Data block »
····················

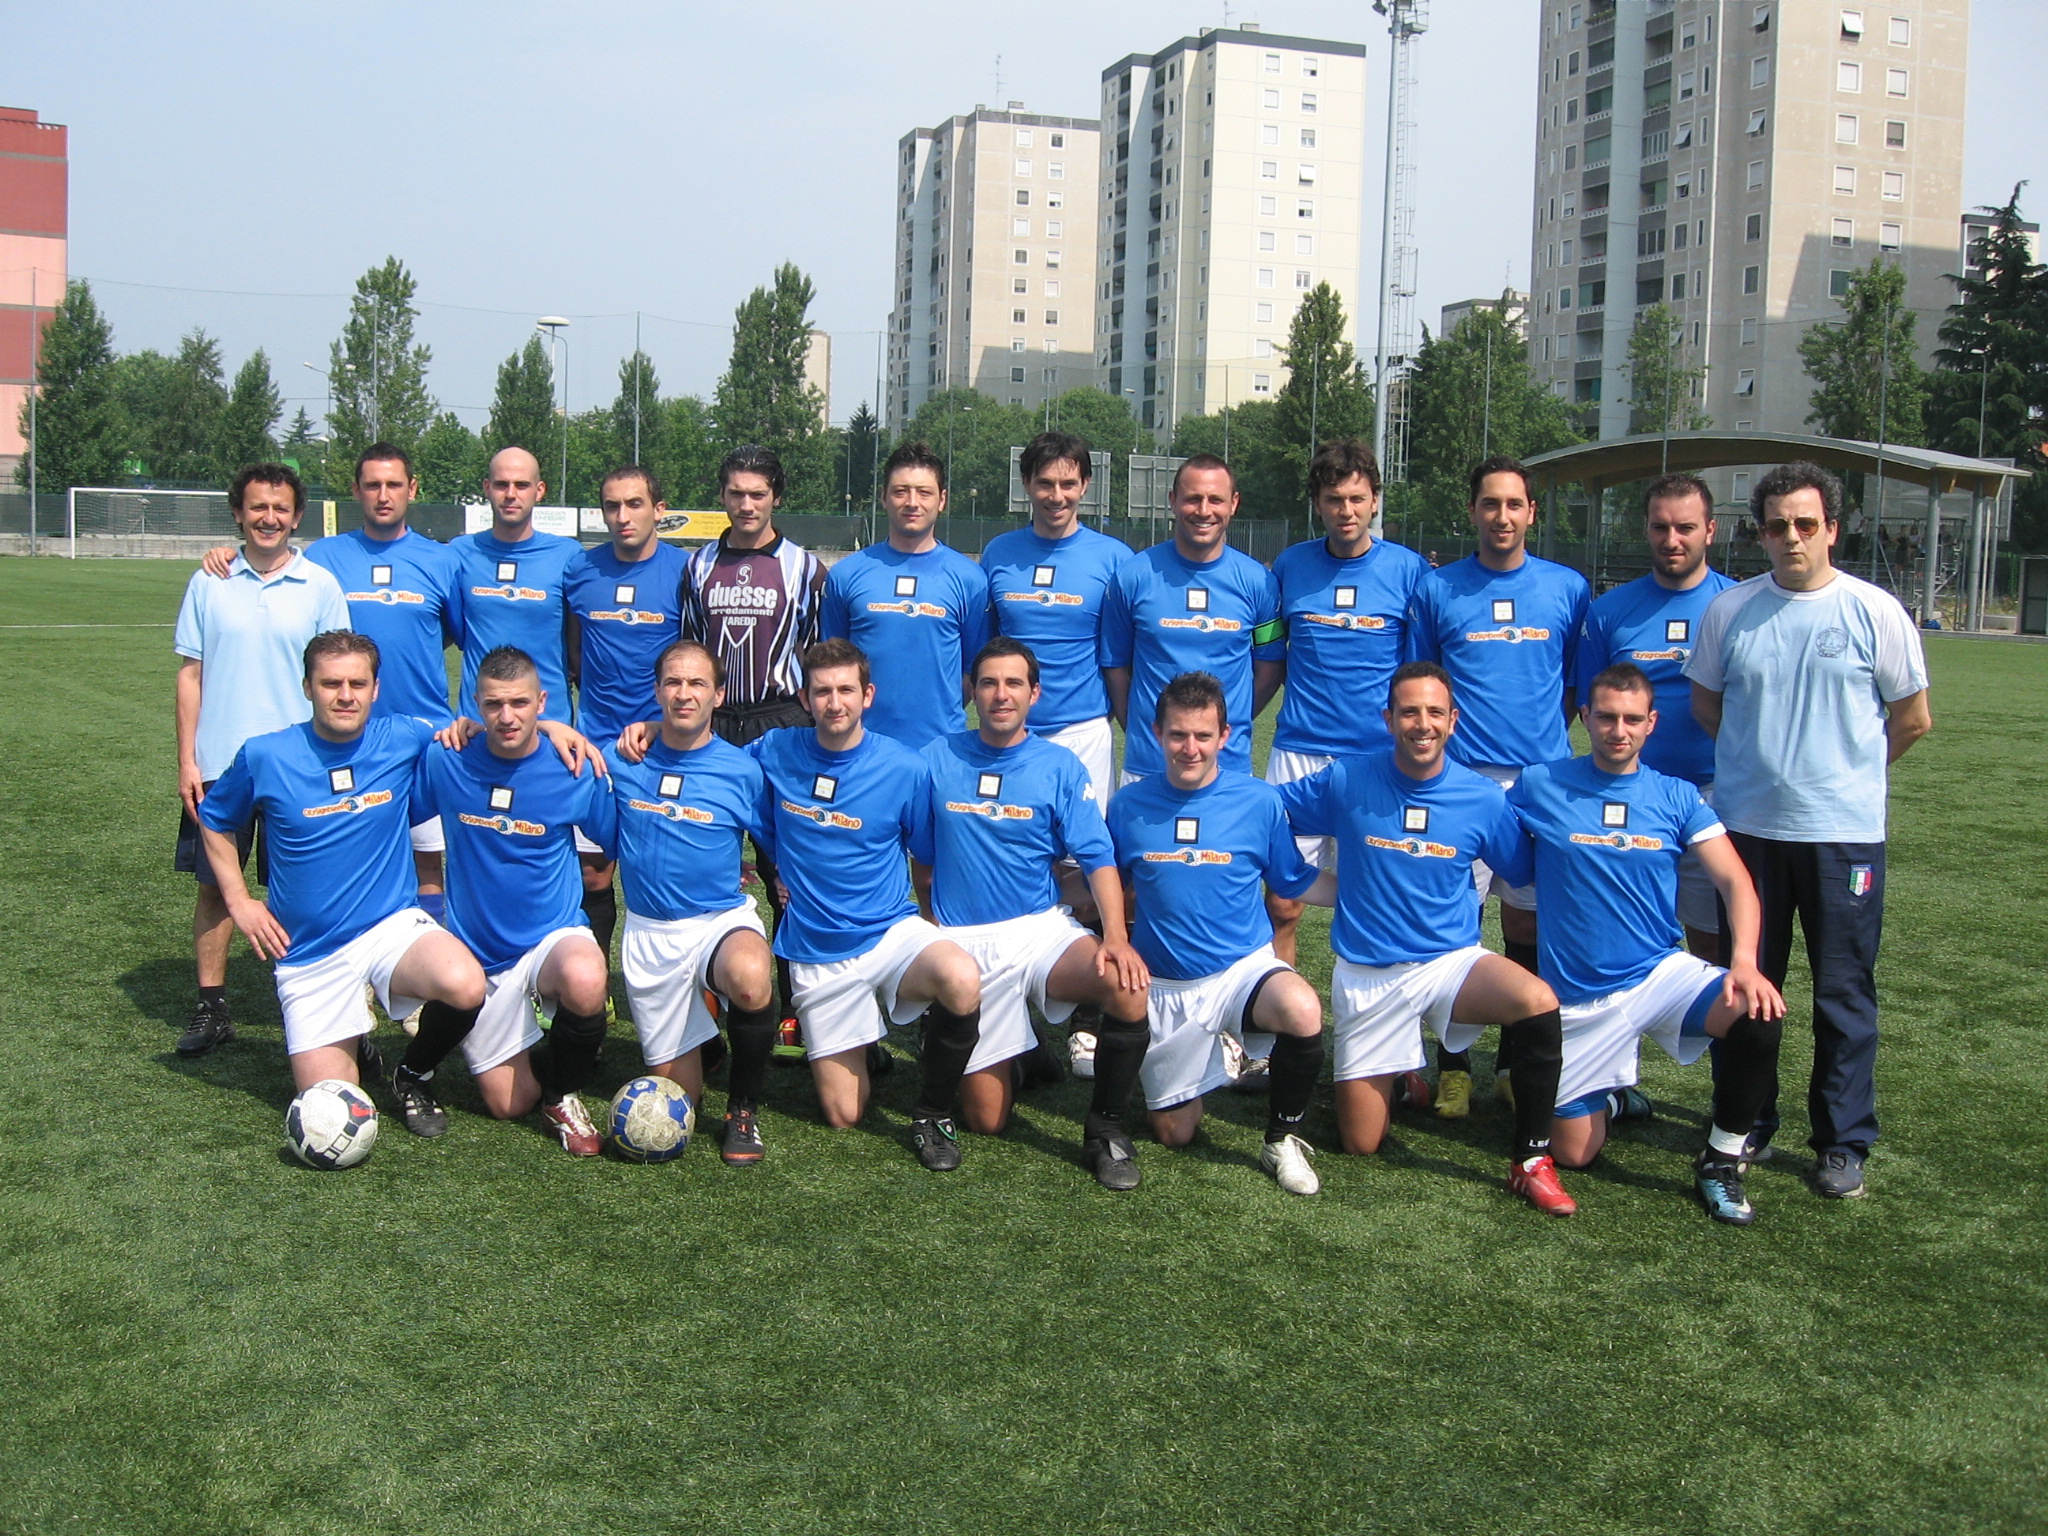 La squadra Campione 2010/11
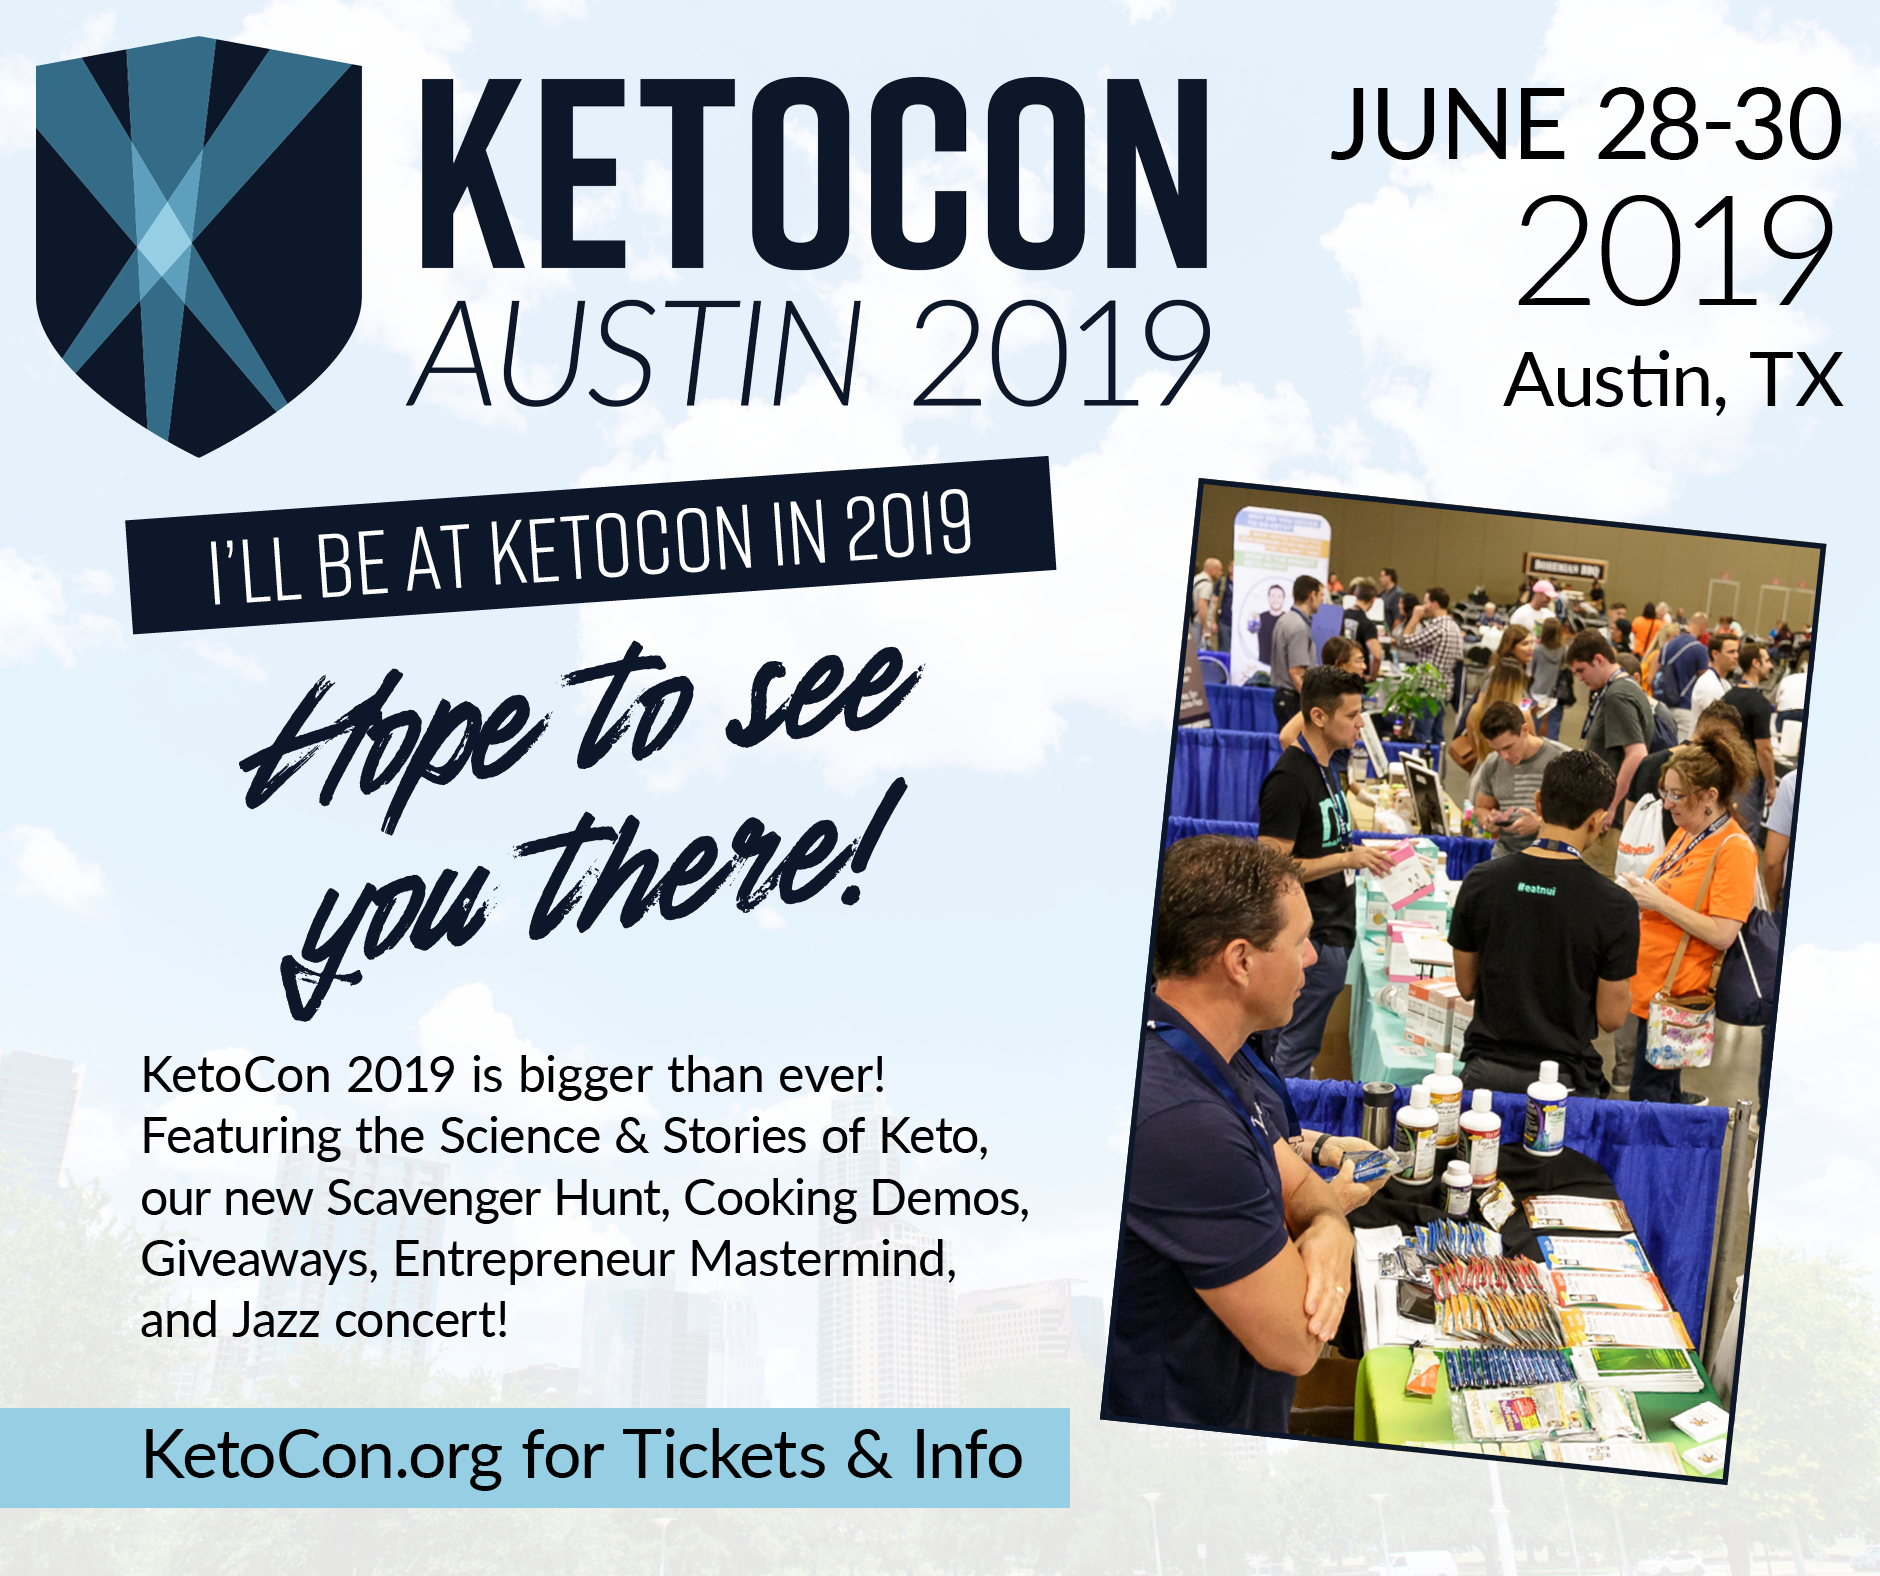 Ketocon 2019 - Keto Conference in Austin TX
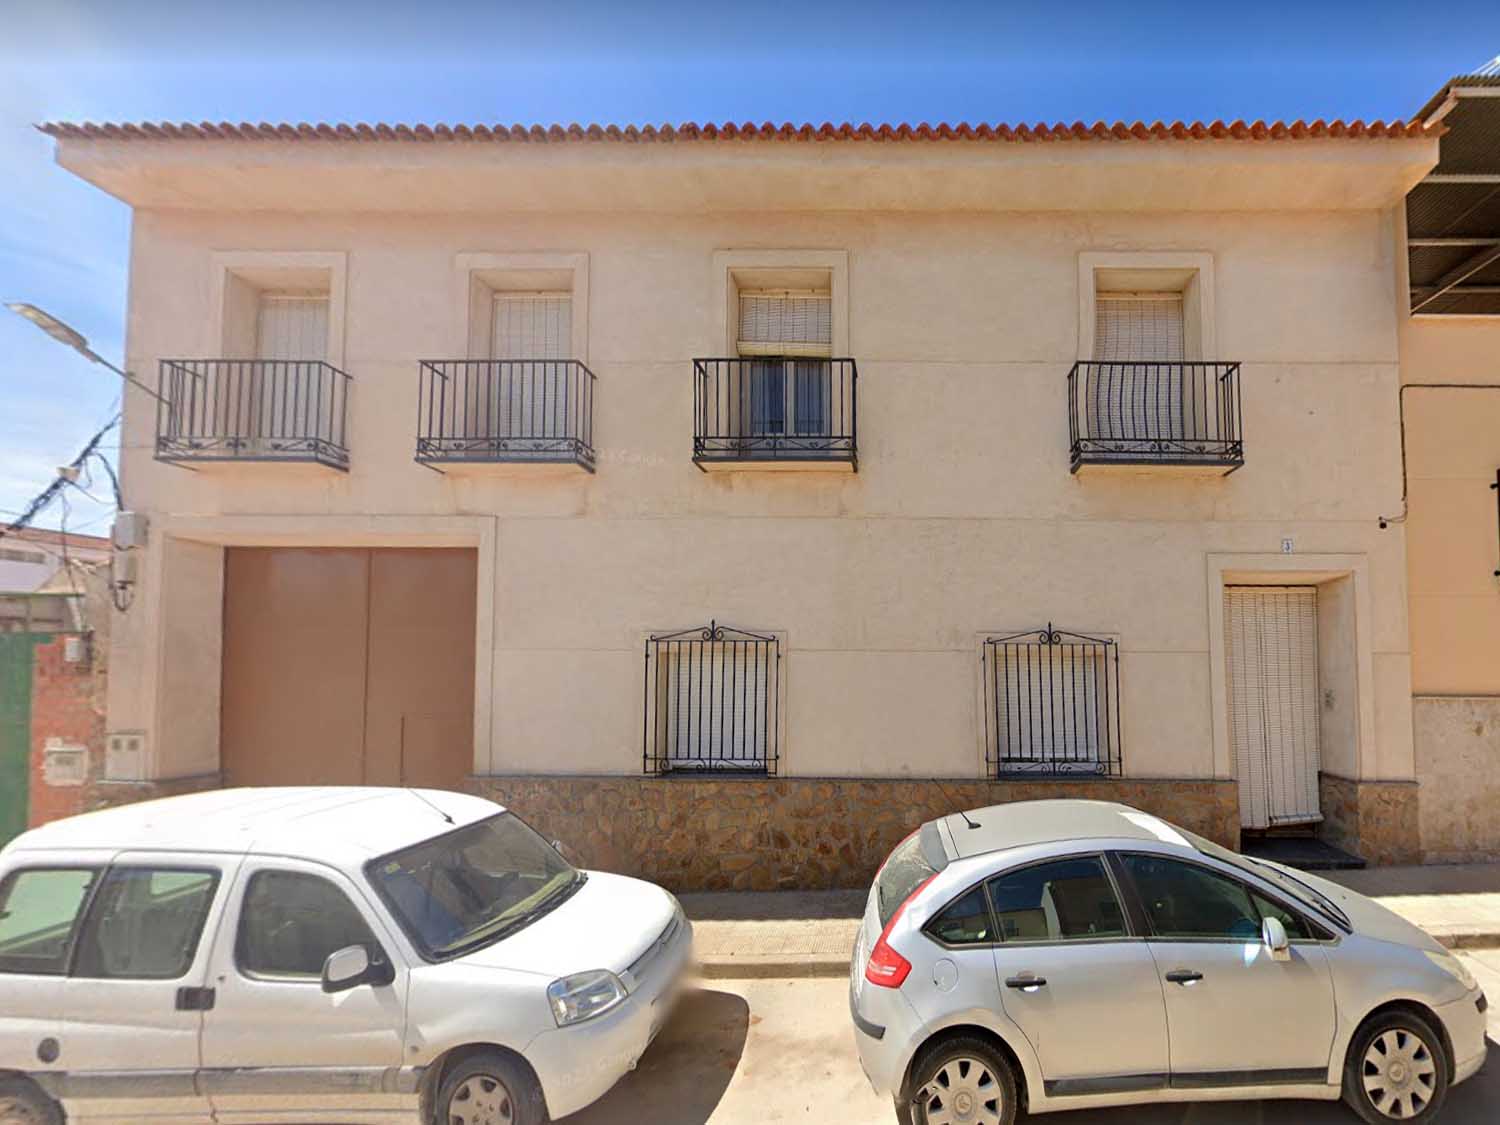 Mitad indivisa (50%) del solar con Casa en Calle García Lorca de Campo de Criptana (Ciudad Real). FR 34557 RP Alcázar de san Juan Nº 2.

····················

Required work » Return the listing verbatim, pictures excluded.

Result of the exercise »
 La squadra Campione 2010/11
 Ketocon 2019 - Keto Conference in Austin TX
 Mitad indivisa (50%) del solar con Casa en Calle García Lorca de Campo de Criptana (Ciudad Real). FR 34557 RP Alcázar de san Juan Nº 2.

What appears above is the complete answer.